Gurusinghe is the founder of the Sydney Driscoll Neuroscience Foundation, a registered charity established in 1989 to support neuroscience education and research at Preston. He served as chairman from 1989 to 2006 and has continued as a trustee.

Since 2018, Gurusinghe has chaired the Oversight Group governing the brain-cancer research collaboration between the foundation and the University of Lancashire.

==Research==

Gurusinghe's research has focused primarily on clinical neurosurgery, with particular emphasis on neurovascular disorders, spinal tumours, intracranial aneurysms, cavernous malformations, and meningiomas.

His work has included studies on aneurysmal subarachnoid haemorrhage, including radiological grading and the prediction of cerebral vasospasm, as well as the development of regional neurovascular services in the North West of England. He has published on intracranial and spinal tumours, including long-term follow-up studies of benign tumours and investigations into meningioma growth and recurrence.

Gurusinghe has contributed to research on cavernous malformations and vascular anomalies, including case series and systematic reviews. He has also co-authored work on small unruptured intracranial aneurysms, including meta-analyses examining radiological surveillance strategies.

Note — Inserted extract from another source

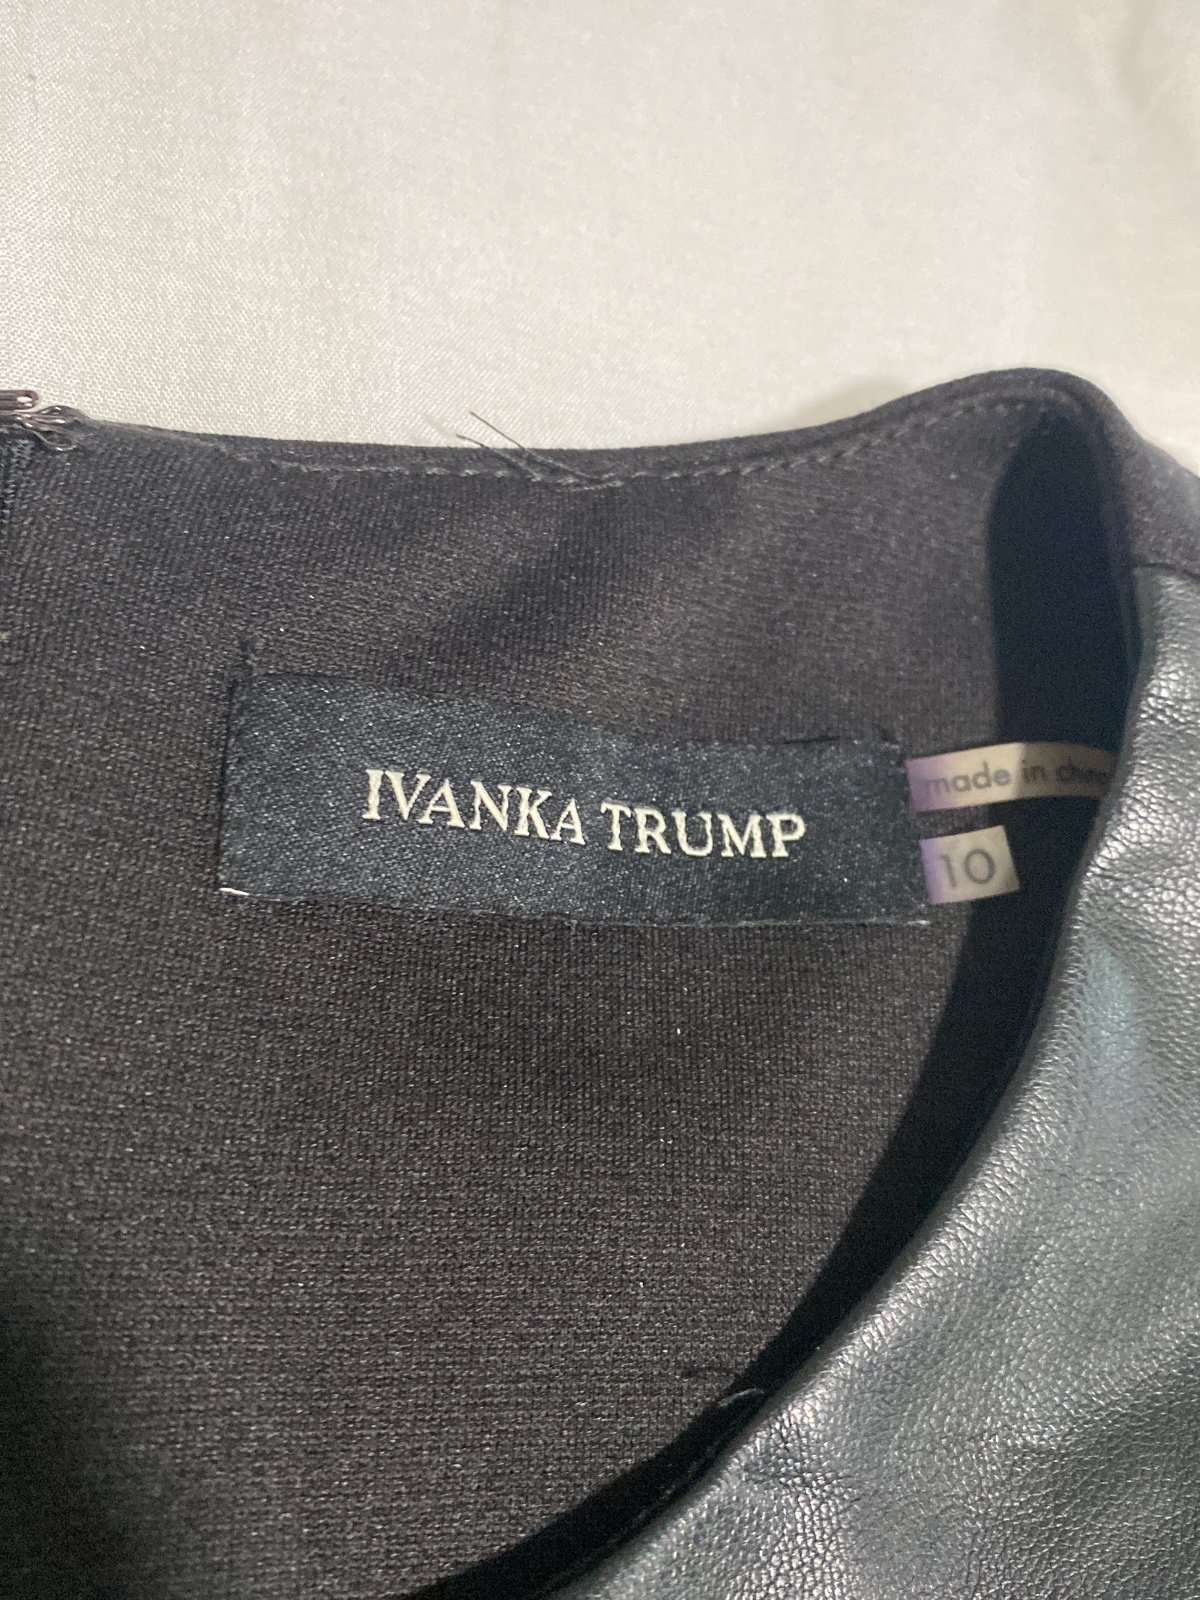 Classic Ivanka Trump Dress k2sm6GUQB High Quaity

In collaboration with researchers at the University of Central Lancashire, he has participated in translational research projects investigating spectroscopic and computational methods for the characterisation and grading of meningioma tumours, including the use of Raman microspectroscopy and attenuated total reflectance Fourier-transform infrared spectroscopy (ATR-FTIR).

He has served as a local principal investigator for national multicentre clinical trials, including the Trial of Dexamethasone for Chronic Subdural Haematoma, the results of which were published in the New England Journal of Medicine in 2020, and the CARE Cavernoma Trial UK.

==Honours==

Gurusinghe is a member of the British Medical Association, the Neurosurgical Association of Sri Lanka and the Society of British Neurological Surgeons. He is also a Fellow of the Royal College of Surgeons of Edinburgh. In 2023, he was appointed Member of the Order of the British Empire (MBE) in the King's New Year Honours.

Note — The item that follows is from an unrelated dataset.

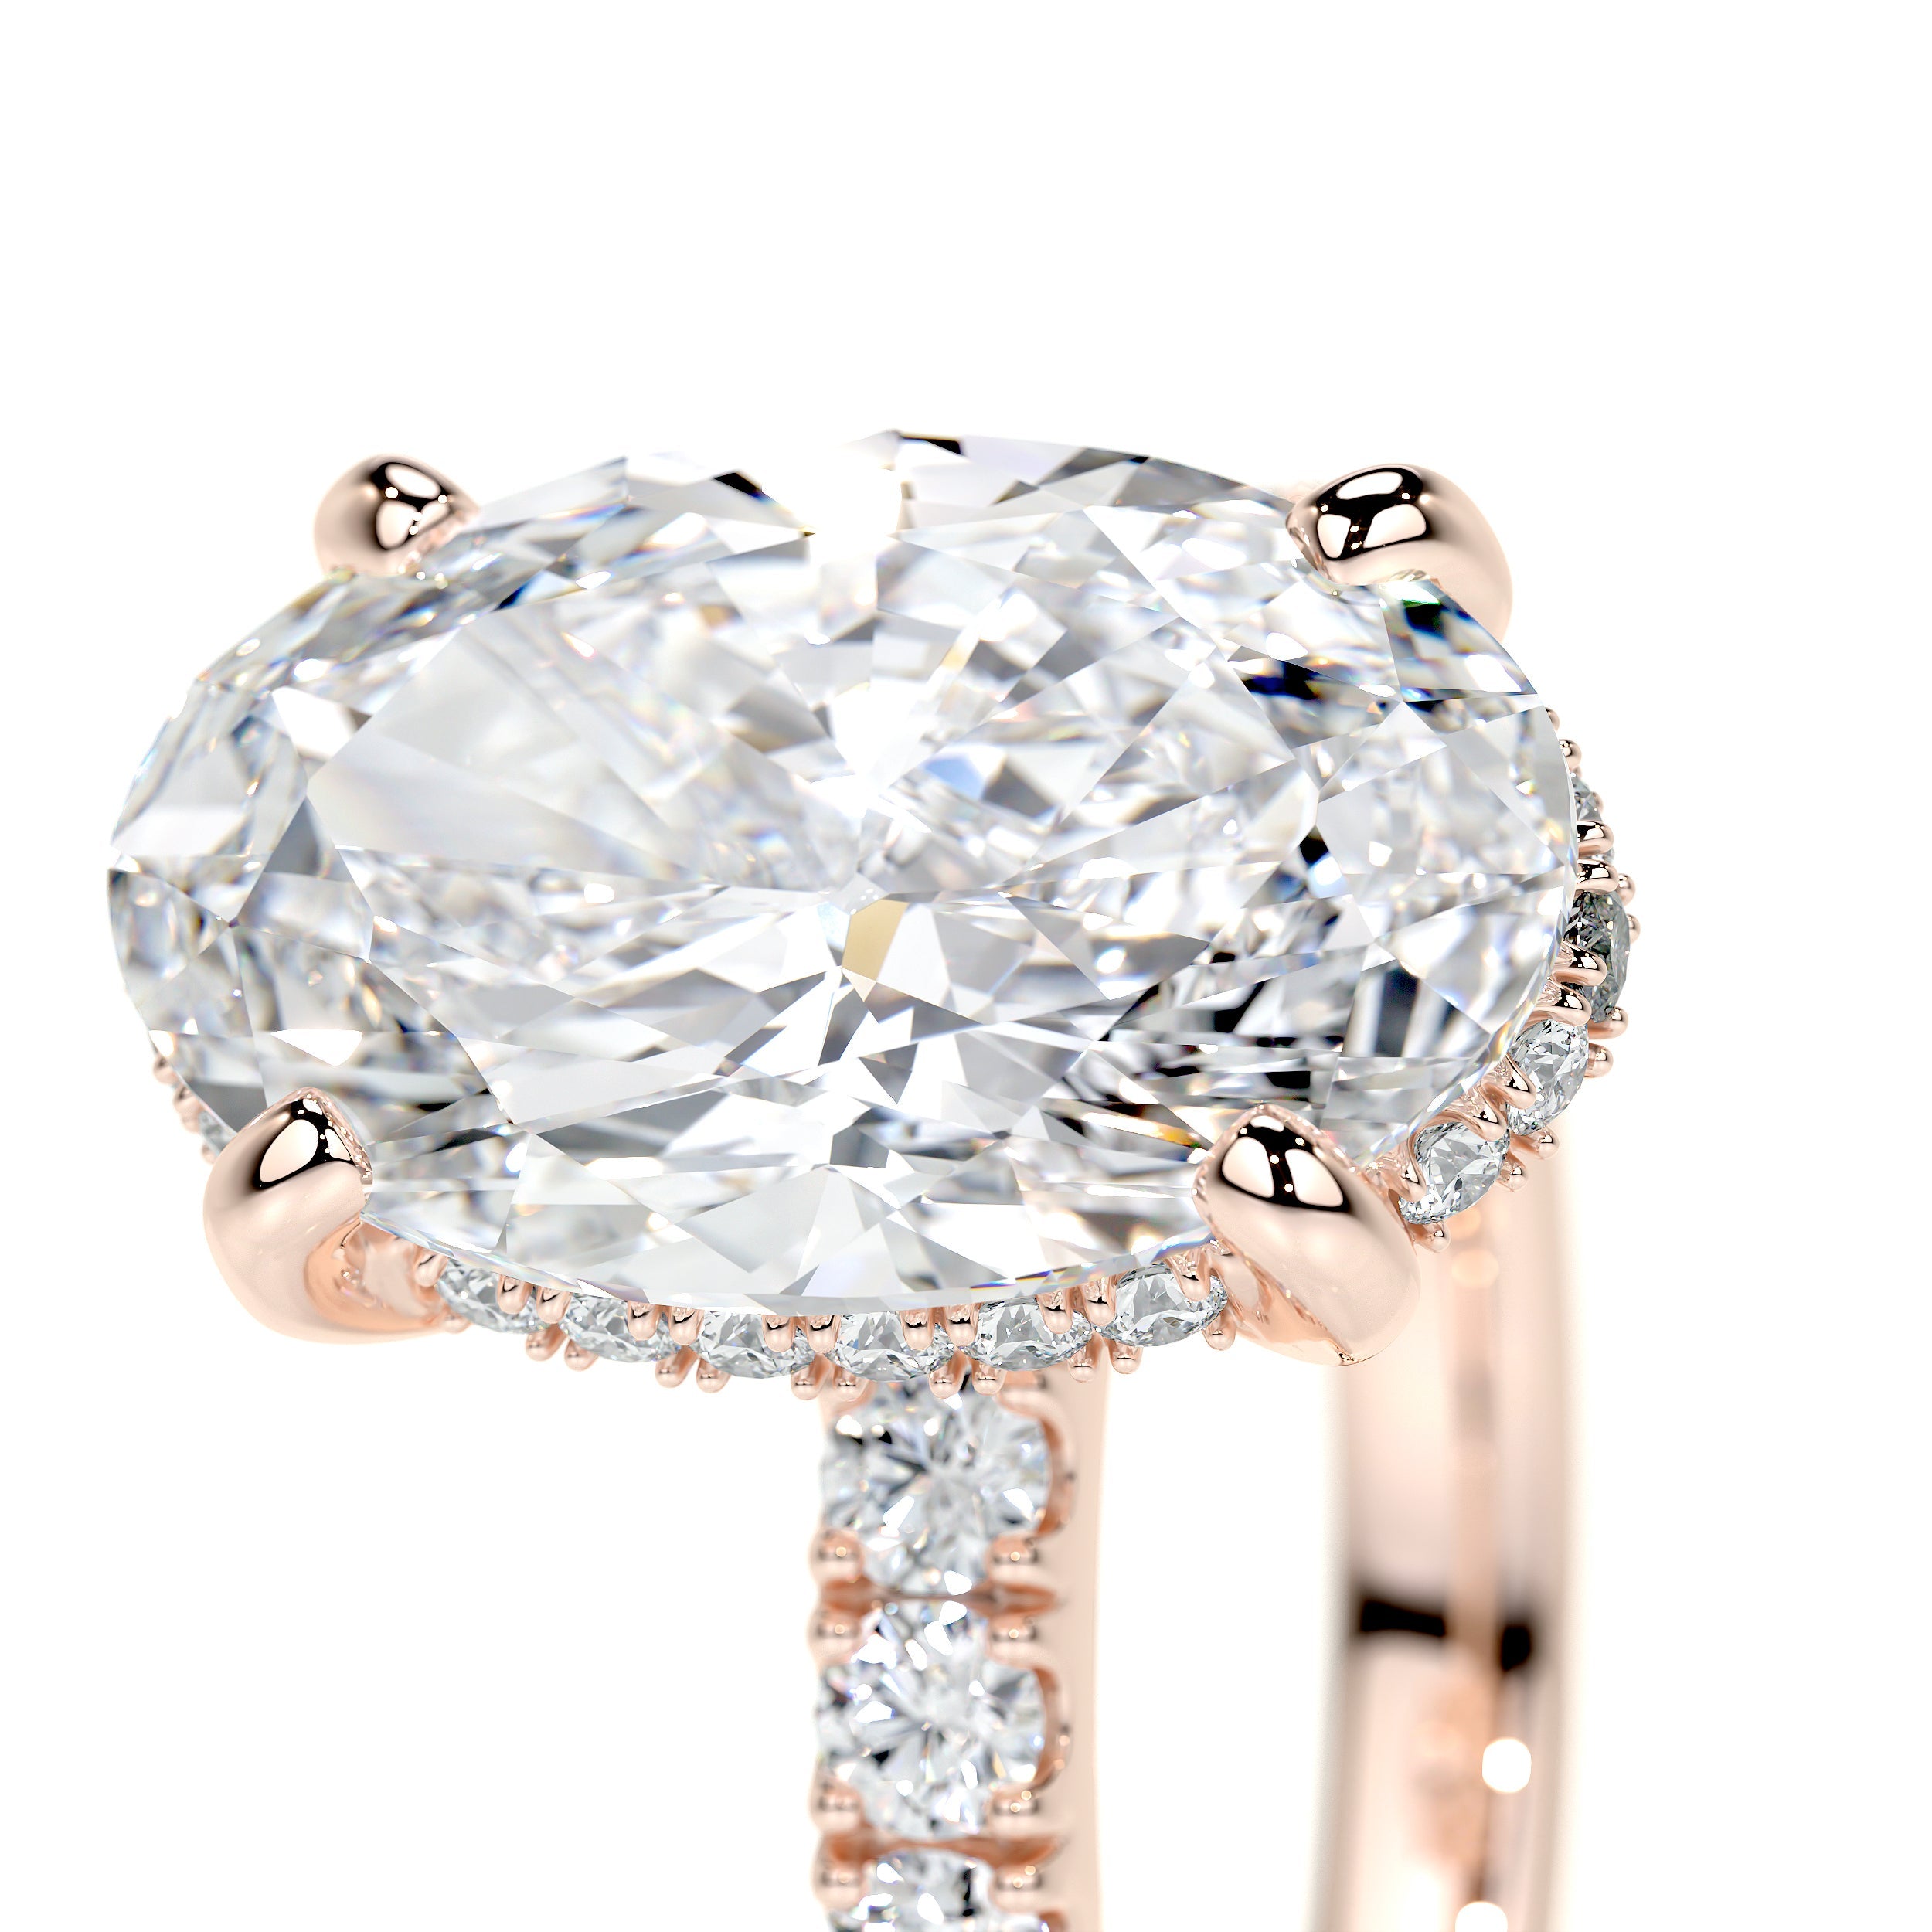 Lucy Lab Grown Diamond Ring   (3.5 Carat) -14K Rose Gold

In September 2024, Gurusinghe received the Society of British Neurological Surgeons Medal at the society's meeting in Birmingham in recognition of his contributions to the SBNS and neurosurgery.

In February 2025, Gurusinghe received a Lifetime Achievement Award from the Neurosurgeons Association of Sri Lanka in recognition of his contribution to the support and development of neurosurgery in Sri Lanka.